▶ [WHAT YOU NEED TO DO]: Once the line with "Rosoporpora ženska majica" is found in the entries below, repeat it and each following line exactly, up to and including the line with "Производство безалкогольных напитков, минеральных". Add no other lines.

Excerpts from a dataset:
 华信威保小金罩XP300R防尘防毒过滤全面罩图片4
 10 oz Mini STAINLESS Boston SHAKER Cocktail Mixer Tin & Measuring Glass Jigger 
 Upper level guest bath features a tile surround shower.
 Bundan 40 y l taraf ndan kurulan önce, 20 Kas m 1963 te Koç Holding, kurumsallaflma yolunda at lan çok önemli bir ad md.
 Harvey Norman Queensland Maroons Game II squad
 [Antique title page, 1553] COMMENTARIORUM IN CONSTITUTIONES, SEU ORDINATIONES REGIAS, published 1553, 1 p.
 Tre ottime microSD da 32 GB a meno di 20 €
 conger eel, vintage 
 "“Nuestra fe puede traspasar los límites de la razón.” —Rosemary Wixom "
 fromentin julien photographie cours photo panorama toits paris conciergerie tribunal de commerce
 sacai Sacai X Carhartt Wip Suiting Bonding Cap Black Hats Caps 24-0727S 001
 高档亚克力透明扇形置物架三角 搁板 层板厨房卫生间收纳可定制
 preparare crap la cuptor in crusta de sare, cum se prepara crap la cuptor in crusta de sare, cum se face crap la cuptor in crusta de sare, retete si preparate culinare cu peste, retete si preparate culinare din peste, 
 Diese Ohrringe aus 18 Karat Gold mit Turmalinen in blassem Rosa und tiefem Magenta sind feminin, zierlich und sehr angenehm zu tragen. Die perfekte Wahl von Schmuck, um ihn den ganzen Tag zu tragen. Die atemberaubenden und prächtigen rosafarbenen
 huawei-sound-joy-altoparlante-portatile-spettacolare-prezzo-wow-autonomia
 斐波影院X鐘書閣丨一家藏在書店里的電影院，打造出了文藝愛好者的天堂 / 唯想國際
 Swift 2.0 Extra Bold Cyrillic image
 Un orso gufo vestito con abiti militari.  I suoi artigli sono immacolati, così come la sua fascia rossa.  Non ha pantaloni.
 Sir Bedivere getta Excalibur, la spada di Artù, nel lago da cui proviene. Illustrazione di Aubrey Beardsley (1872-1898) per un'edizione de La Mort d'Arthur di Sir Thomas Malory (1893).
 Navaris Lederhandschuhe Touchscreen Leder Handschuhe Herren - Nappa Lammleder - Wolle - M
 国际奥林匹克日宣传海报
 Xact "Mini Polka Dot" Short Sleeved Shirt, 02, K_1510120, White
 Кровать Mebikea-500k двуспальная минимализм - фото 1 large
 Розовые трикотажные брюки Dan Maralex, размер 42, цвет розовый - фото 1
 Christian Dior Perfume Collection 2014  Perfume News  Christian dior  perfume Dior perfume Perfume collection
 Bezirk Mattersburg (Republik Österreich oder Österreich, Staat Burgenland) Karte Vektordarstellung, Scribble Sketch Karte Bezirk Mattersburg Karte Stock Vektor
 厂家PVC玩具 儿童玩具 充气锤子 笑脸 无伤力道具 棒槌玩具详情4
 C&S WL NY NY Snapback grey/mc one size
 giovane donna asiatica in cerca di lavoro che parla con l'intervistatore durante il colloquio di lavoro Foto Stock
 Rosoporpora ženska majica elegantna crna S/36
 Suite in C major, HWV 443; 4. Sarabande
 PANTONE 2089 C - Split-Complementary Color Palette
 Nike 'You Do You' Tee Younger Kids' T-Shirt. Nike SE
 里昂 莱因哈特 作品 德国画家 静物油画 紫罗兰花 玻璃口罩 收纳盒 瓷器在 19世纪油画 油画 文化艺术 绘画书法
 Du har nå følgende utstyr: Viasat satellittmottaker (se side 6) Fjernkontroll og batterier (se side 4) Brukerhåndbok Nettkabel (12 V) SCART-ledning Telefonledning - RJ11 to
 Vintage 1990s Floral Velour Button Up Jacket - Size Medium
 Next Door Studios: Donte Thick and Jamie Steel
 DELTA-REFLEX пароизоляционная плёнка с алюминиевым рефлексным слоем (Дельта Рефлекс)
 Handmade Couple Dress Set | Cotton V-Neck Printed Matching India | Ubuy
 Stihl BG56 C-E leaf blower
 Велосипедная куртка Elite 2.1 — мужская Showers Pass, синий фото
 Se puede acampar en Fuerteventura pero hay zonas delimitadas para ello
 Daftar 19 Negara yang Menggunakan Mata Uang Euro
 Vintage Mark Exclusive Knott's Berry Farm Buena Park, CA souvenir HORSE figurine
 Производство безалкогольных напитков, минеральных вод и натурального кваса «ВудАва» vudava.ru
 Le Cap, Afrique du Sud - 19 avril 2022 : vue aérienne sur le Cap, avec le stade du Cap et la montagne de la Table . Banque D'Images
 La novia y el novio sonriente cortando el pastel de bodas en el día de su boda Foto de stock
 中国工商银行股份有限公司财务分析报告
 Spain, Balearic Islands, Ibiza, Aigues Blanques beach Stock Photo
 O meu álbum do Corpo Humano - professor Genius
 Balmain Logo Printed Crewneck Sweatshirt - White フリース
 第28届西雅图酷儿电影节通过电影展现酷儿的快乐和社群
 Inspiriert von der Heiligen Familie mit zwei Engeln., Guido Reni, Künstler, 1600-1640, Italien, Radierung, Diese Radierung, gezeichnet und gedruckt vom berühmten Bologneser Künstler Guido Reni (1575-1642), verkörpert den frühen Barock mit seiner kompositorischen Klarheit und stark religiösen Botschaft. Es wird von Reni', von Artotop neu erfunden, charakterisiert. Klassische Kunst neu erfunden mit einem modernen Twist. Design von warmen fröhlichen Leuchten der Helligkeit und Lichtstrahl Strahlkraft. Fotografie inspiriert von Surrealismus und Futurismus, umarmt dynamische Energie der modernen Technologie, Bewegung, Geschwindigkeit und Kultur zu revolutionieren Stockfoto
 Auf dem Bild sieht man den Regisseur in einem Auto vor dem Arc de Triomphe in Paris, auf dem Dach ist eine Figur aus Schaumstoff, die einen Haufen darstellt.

▶ [EXERCISE SOLUTION]:
 Rosoporpora ženska majica elegantna crna S/36
 Suite in C major, HWV 443; 4. Sarabande
 PANTONE 2089 C - Split-Complementary Color Palette
 Nike 'You Do You' Tee Younger Kids' T-Shirt. Nike SE
 里昂 莱因哈特 作品 德国画家 静物油画 紫罗兰花 玻璃口罩 收纳盒 瓷器在 19世纪油画 油画 文化艺术 绘画书法
 Du har nå følgende utstyr: Viasat satellittmottaker (se side 6) Fjernkontroll og batterier (se side 4) Brukerhåndbok Nettkabel (12 V) SCART-ledning Telefonledning - RJ11 to
 Vintage 1990s Floral Velour Button Up Jacket - Size Medium
 Next Door Studios: Donte Thick and Jamie Steel
 DELTA-REFLEX пароизоляционная плёнка с алюминиевым рефлексным слоем (Дельта Рефлекс)
 Handmade Couple Dress Set | Cotton V-Neck Printed Matching India | Ubuy
 Stihl BG56 C-E leaf blower
 Велосипедная куртка Elite 2.1 — мужская Showers Pass, синий фото
 Se puede acampar en Fuerteventura pero hay zonas delimitadas para ello
 Daftar 19 Negara yang Menggunakan Mata Uang Euro
 Vintage Mark Exclusive Knott's Berry Farm Buena Park, CA souvenir HORSE figurine
 Производство безалкогольных напитков, минеральных вод и натурального кваса «ВудАва» vudava.ru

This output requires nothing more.